The Soviet Union may be a thing of the past, but its domain isn’t. Think of it as a clubhouse for the new Russian kleptocracy.
.SU, assigned to the then-Union of Soviet Socialist Republics (U.S.S.R.) in 1990, a year before its dissolution, is now a refuge for criminal hackers, according to the AP’s Raphael Satter.
The domain has “turned into a haven for hackers who’ve flocked to the defunct superpower’s domain space to send spam and steal money.”
The migration to .SU began in 2011, when the officials overseeing Russia’s .RU domain tightened their rules.

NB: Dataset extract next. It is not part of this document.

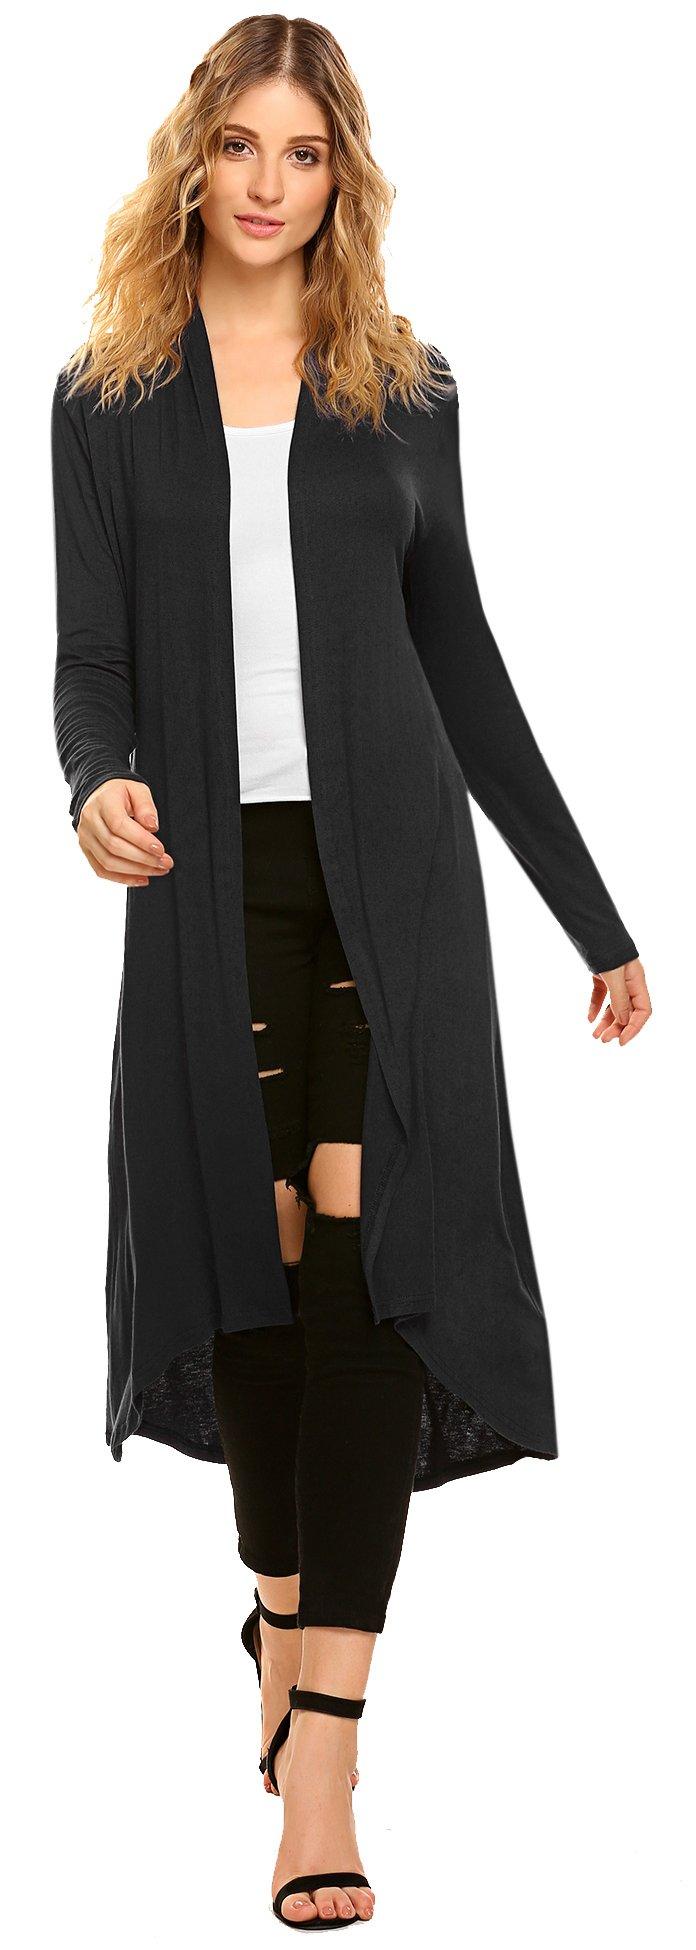 POGTMM Women Lightweight High Low Drape Front Long Sleeve Plus Size Cardigan (US XL(16-18), Black)

Group-IB, a Russian Internet watchdog agency has found the number of malicious websites hosted on .SU doubled that year, then again in 2012, “surpassing even the vast number of renegade sites on .ru and its newer Cyrillic-language counterpart.” Perhaps the most well-known site is Exposed.su, which allegedly published credit records belonging to Michelle Obama, Mitt Romney, Donald Trump, Beyonce, and others.
The is also a host for botnets.
Group-IB’s Andrei Komarov told Satter, “In my opinion more than half of cybercriminals in Russia and former USSR use it.”
Why even retain the domain? Patriotism. The Soviet Union is looked on by some as a paradise, a memory palace that still provides a refuge from the very kleptocracy whose parasites thrive on the body of .SU.
Sergei Ovcharenko, the director of .SU domain development at Moscow’s Foundation for Internet Development, has aknowledged the weaknesses in Russian legislation that allows such activity, but insists that, just as .RU saw tighter regulations, so too will .SU.